What to work on:
Please repeat the whole listing exactly, but leave out any picture it holds.

Recorded data:
##########
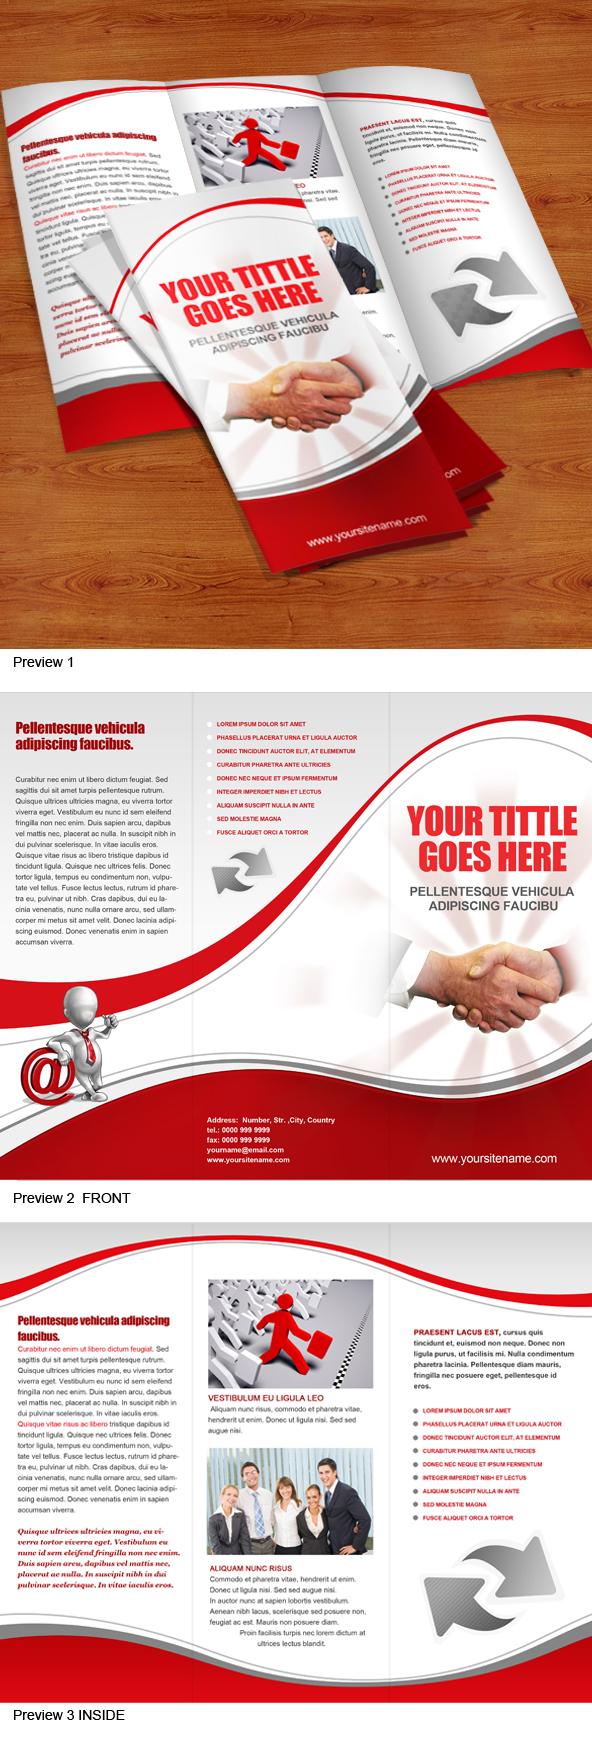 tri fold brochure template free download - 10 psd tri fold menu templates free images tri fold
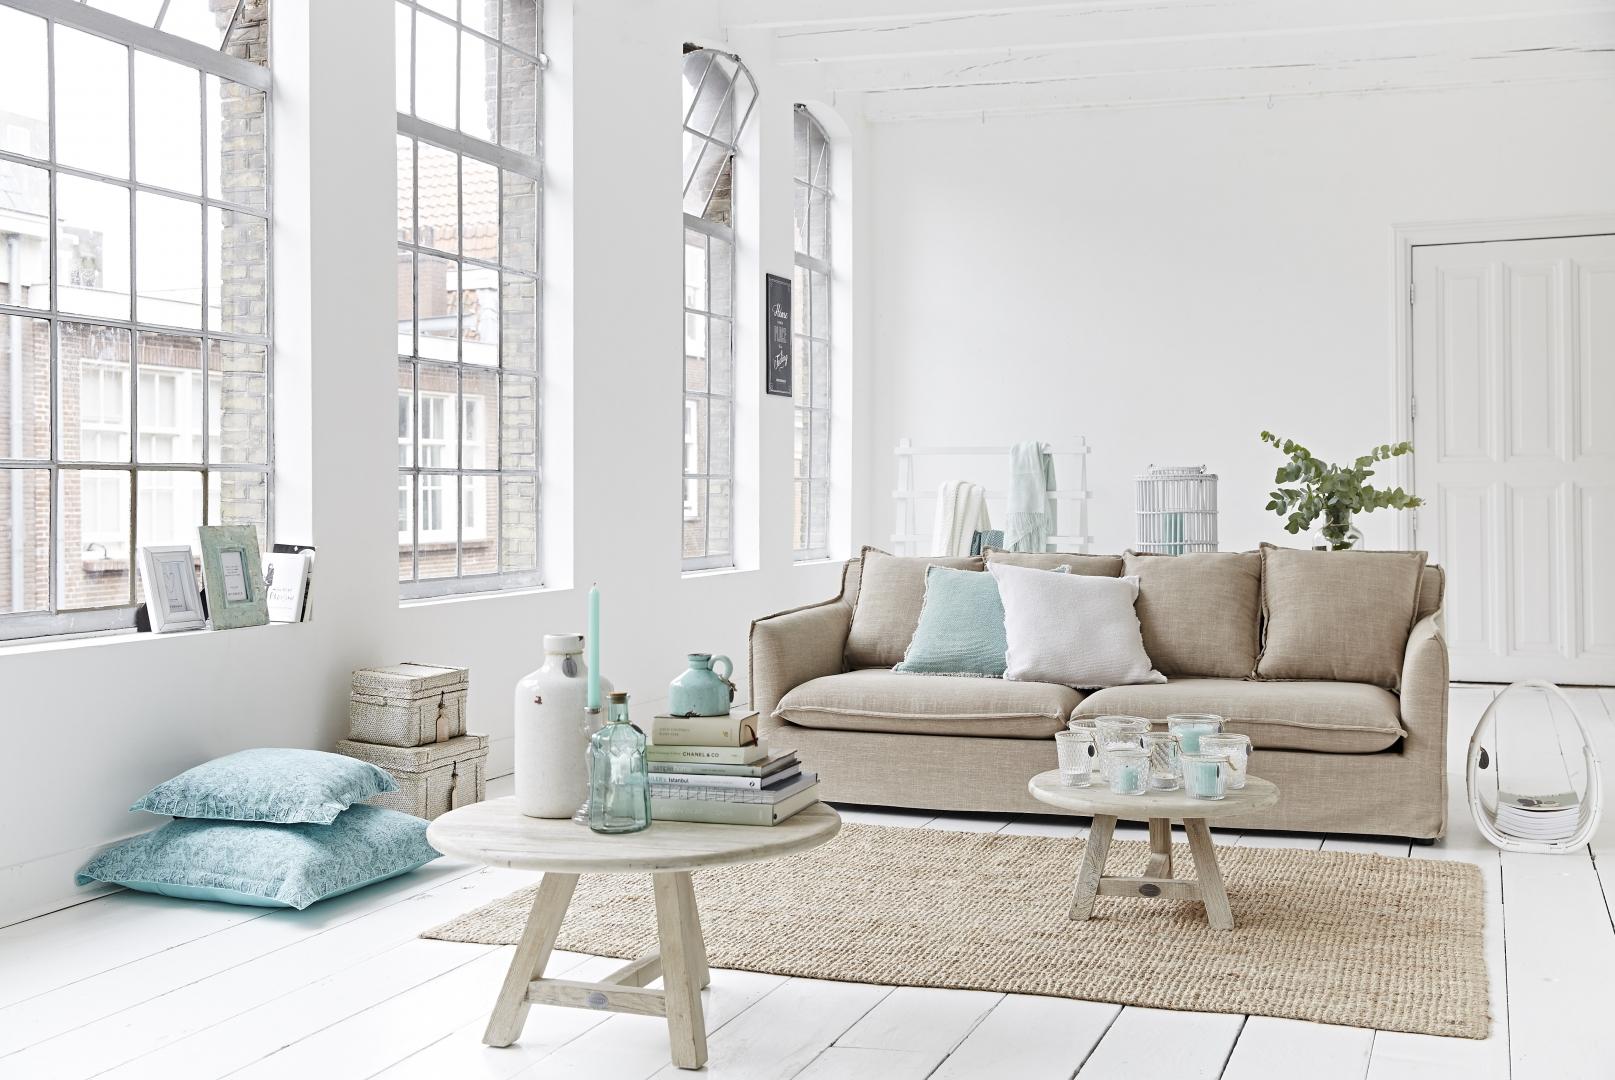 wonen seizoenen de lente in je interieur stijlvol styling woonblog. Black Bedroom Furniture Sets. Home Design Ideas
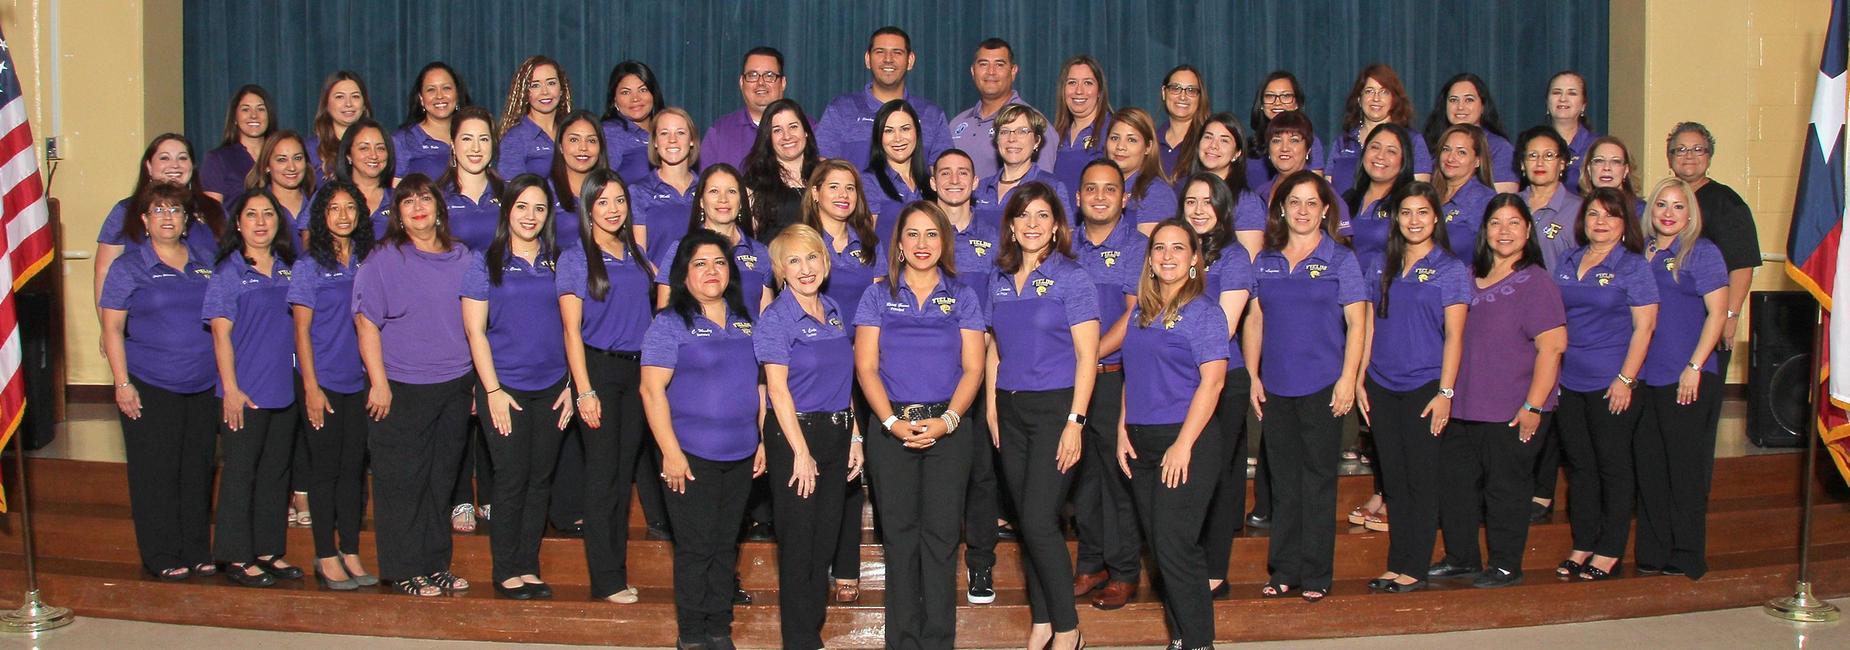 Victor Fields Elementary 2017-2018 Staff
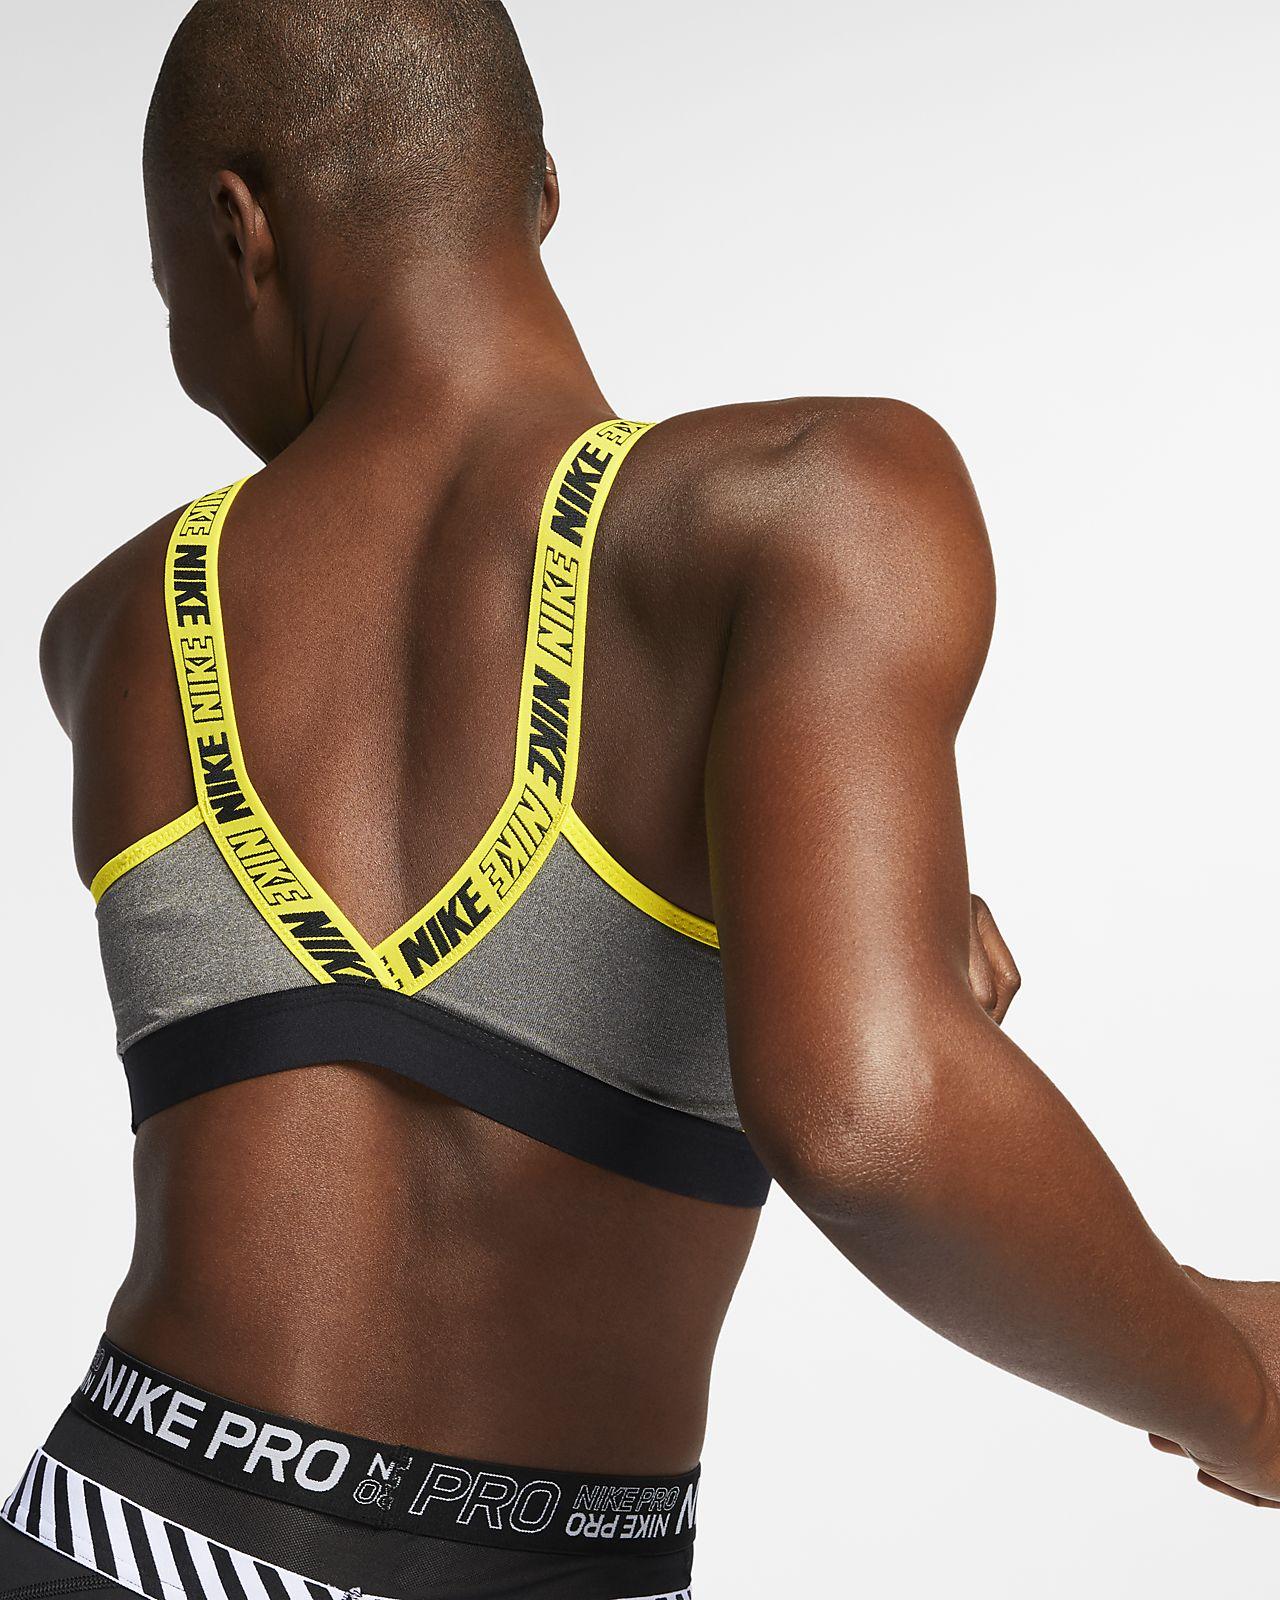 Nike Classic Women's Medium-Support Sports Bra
##########
Finished exercise:
 tri fold brochure template free download - 10 psd tri fold menu templates free images tri fold
 wonen seizoenen de lente in je interieur stijlvol styling woonblog. Black Bedroom Furniture Sets. Home Design Ideas
 Victor Fields Elementary 2017-2018 Staff
 Nike Classic Women's Medium-Support Sports Bra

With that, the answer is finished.